UK solar energy generation overtook electricity from coal over the last six months. It is a historic year for getting energy from the sun, according to a new analysis.

As reported by The Independent on 4th October, research undertaken by the Carbon Brief website discovered that UK solar energy produced almost 7,000 gigawatt hours of electricity in contrast to coal producing 6,300 GwH between April and September 2016.

At 10% more, this solar energy data perhaps indicates an apparent shift in paradigm in regards to fossil fuel usage. The report goes on to say that 2015 solar capacity almost doubled. However, due to a lack of government support, UK solar energy has struggled to convince investors to get behind it.

According to the Independent, James Court, Head of Policy at the Renewable Energy Association, said that five years ago the possibility of solar overtaking coal seemed unimaginable. He said that these newest figures illustrate falling costs and a rise in demand for solar, as one of the cheapest forms of power. If 5 years ago this was unimaginable, can you imagine what might be possible in another five years?  With a concerted, joined up effort in the battle to rid ourselves of the big polluters we could lobby and garner support to steer the earth towards clean energy.

Trend Currently Only Seasonal

However, despite this awesome news, the trend is seasonal.
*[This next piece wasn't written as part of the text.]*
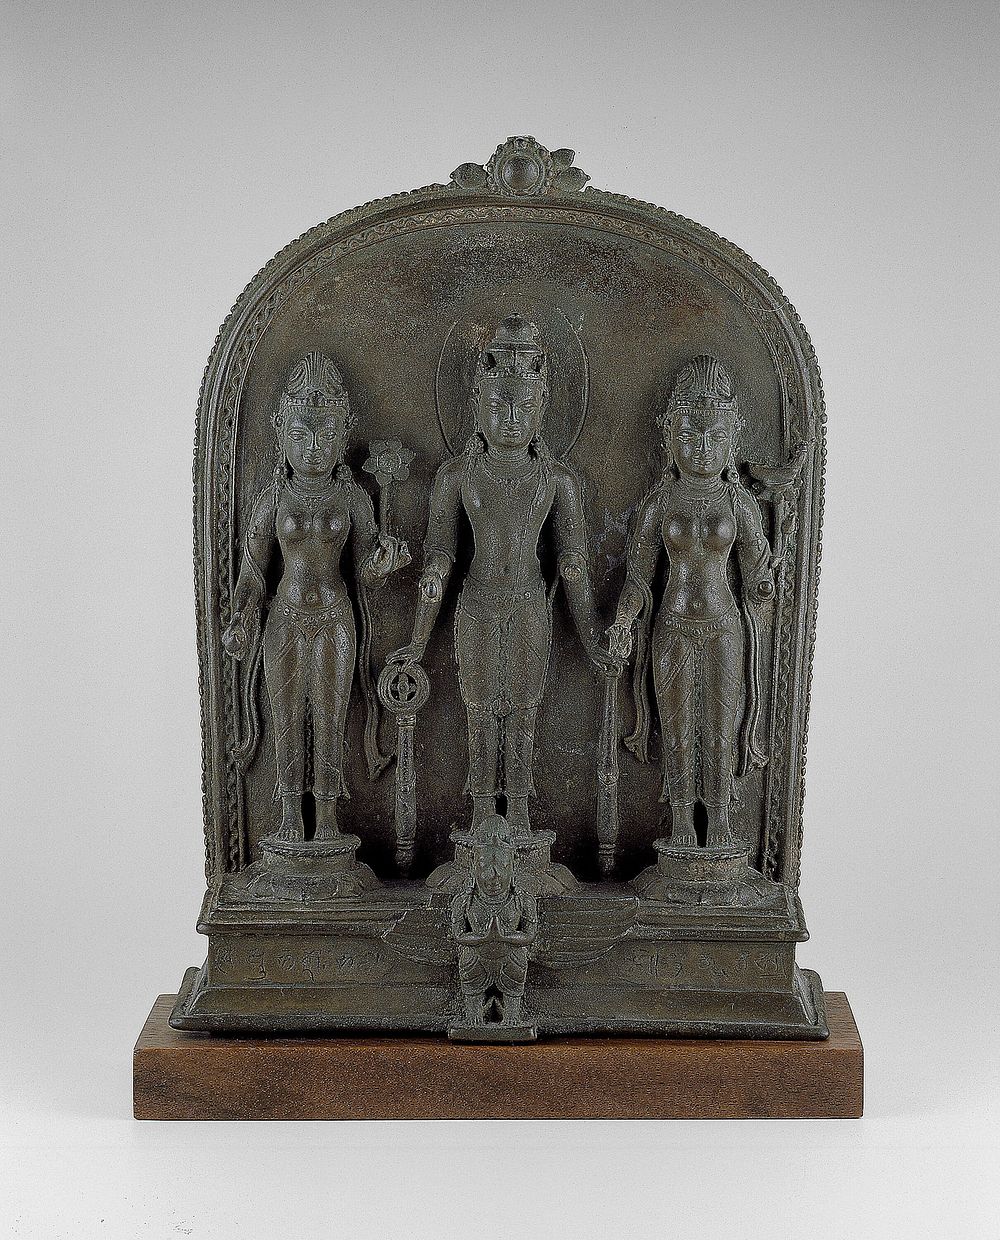 God Vishnu with Lakshmi and Sarasvati

It probably won’t continue into winter when UK solar energy is less in supply and demand for heating rises drastically. So, although there is something to celebrate, we cannot and should not rest on our laurels. We cannot assume that this trend will continue without action.

Despite this, scientists are working on innovative technology to store energy from the summer sun until we need it in winter. And the development and utilization energy of storage systems have been increasing. These store energy until we need it. The report in The Independent mentioned hydro schemes as one solution.

We’ve seen excesses in renewable electricity lowering prices and even taking prices negative, as in countries like Germany. This also generates another money-making opportunity when demand rises again. According to industry experts, there are multiple gigawatts of capacity that are being proposed or are ready to be developed, but a joined-up and supportive policy structure is critically needed.

Juliet Davenport, chief executive of renewable energy was quoted in The Independent as having observed a renewable revolution on UK rooftops with over 750,000 homes benefiting from solar energy

We really hope this transition continues at light-speed and cleans up our environment quickly. What individual actions do you think we can take to encourage this shift from fossil fuels?